=== Problem to work on ===
Below this line are records; write out exactly the lines from the one containing "The Wildlife Detective" through the one containing "en automatisk körjournal", with the pictures left out.

=== Data in this exercise ===
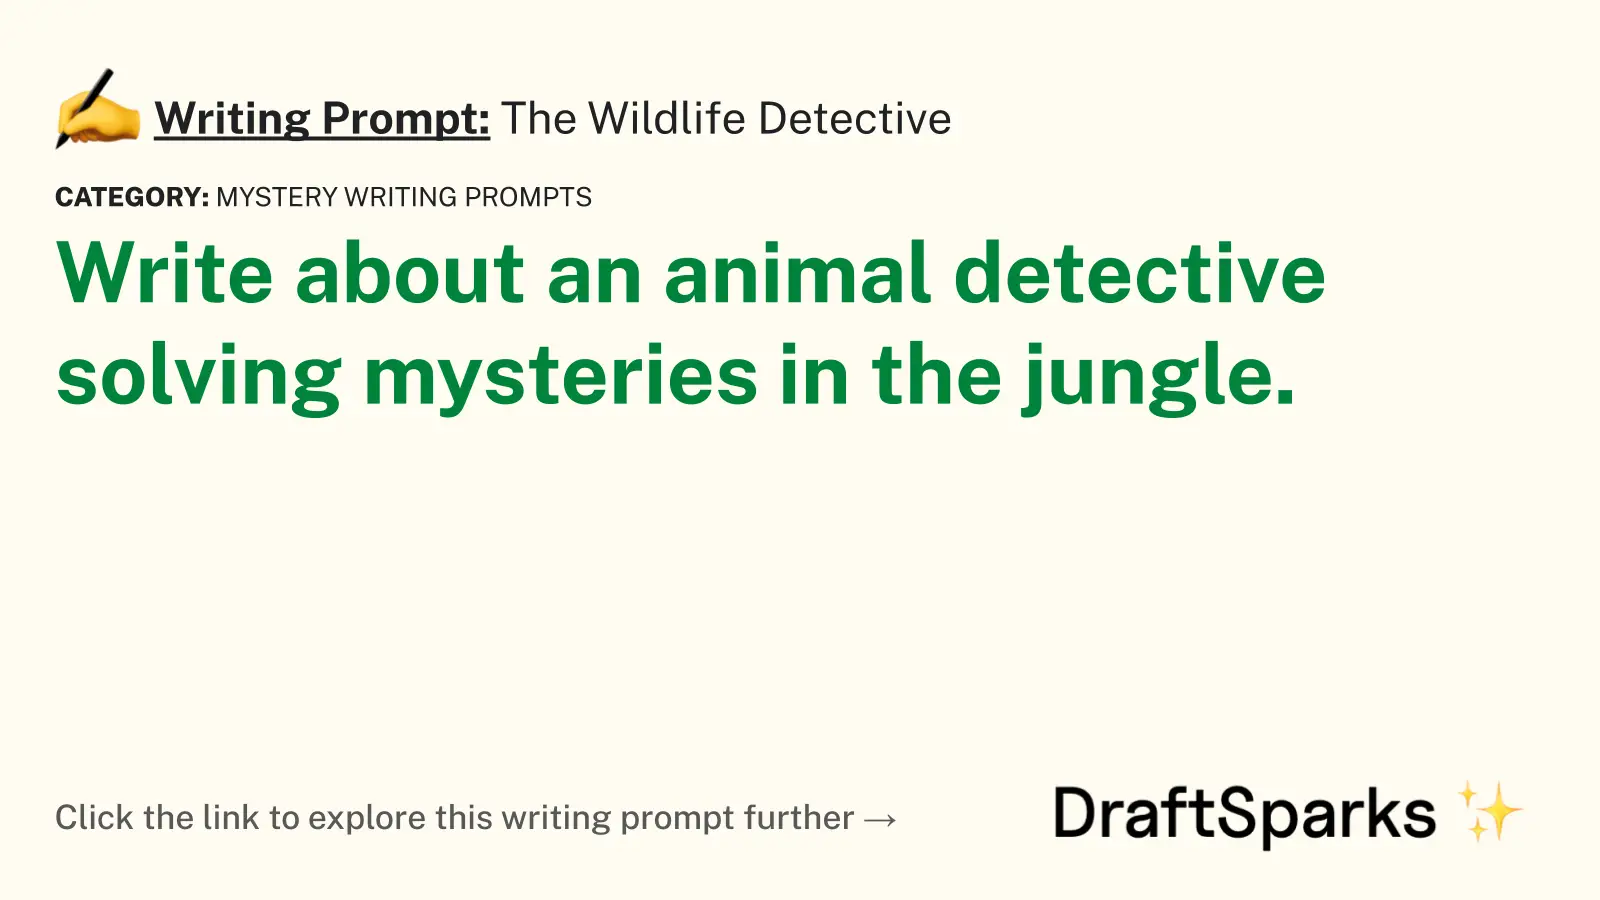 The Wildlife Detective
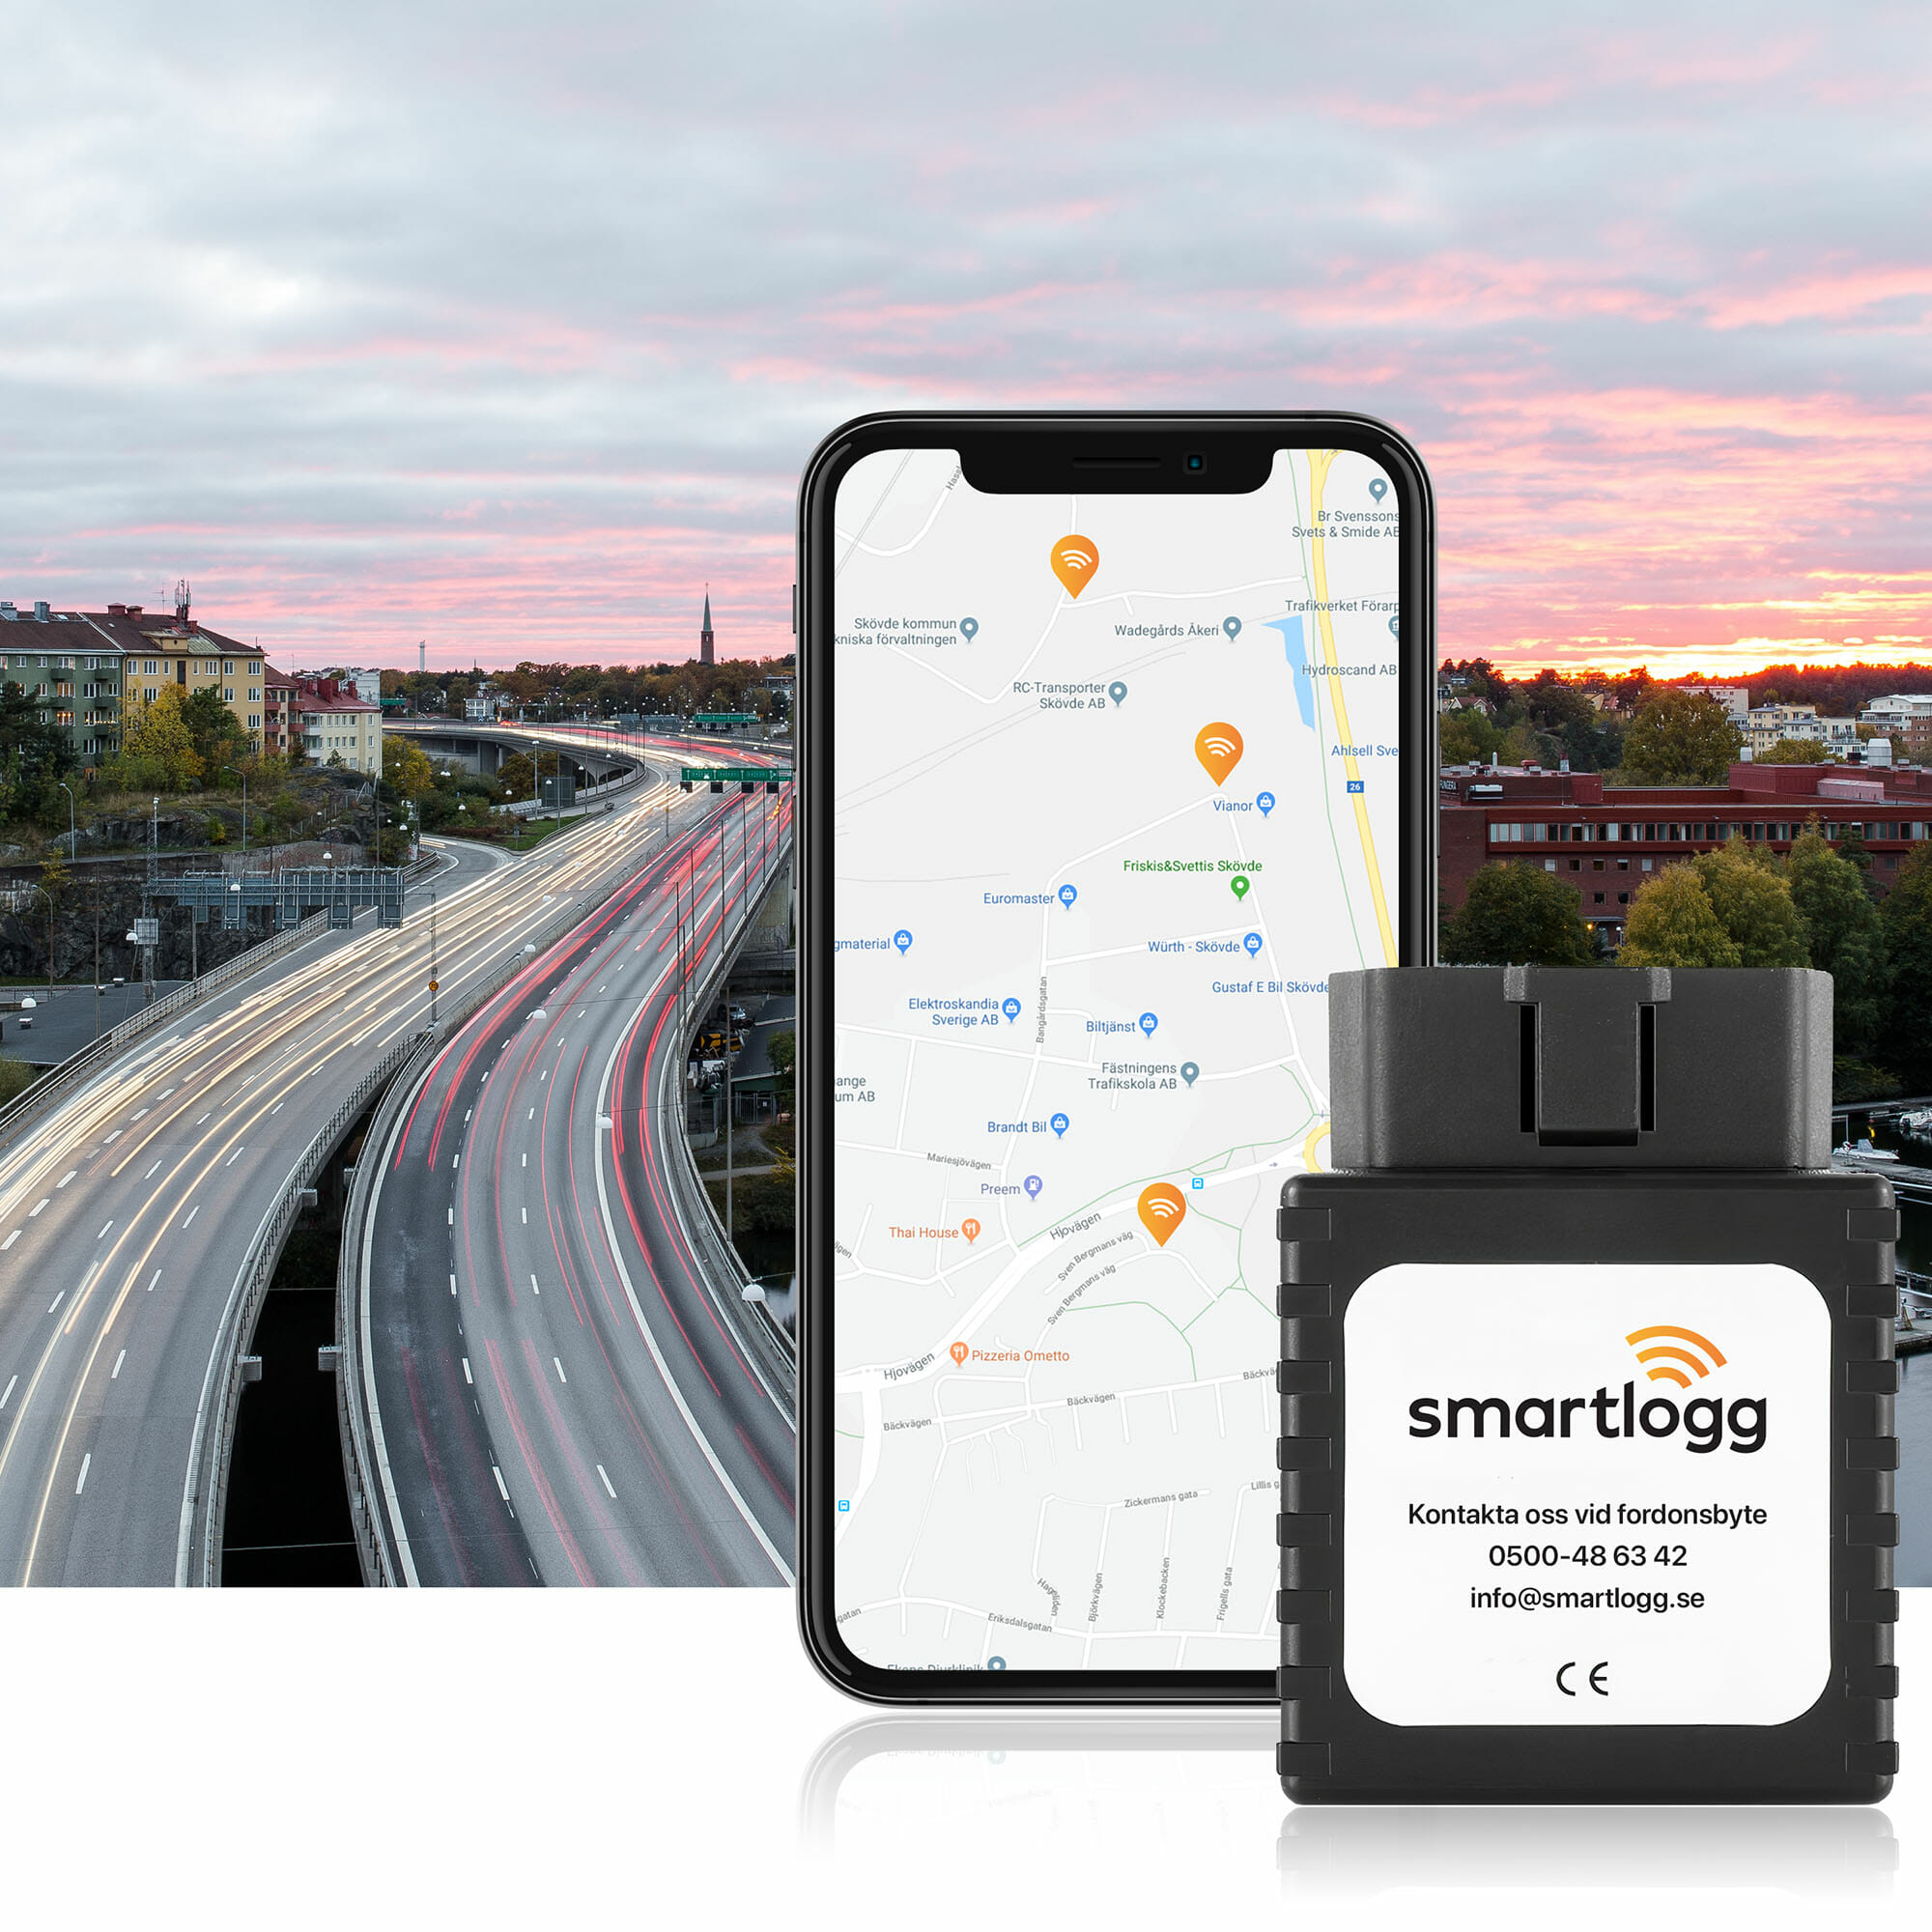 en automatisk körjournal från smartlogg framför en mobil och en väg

--

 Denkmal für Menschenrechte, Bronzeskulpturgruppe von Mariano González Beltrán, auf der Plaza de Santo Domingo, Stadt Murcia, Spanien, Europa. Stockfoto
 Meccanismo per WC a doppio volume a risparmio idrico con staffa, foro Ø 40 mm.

=== Expected answer ===
 The Wildlife Detective
 en automatisk körjournal från smartlogg framför en mobil och en väg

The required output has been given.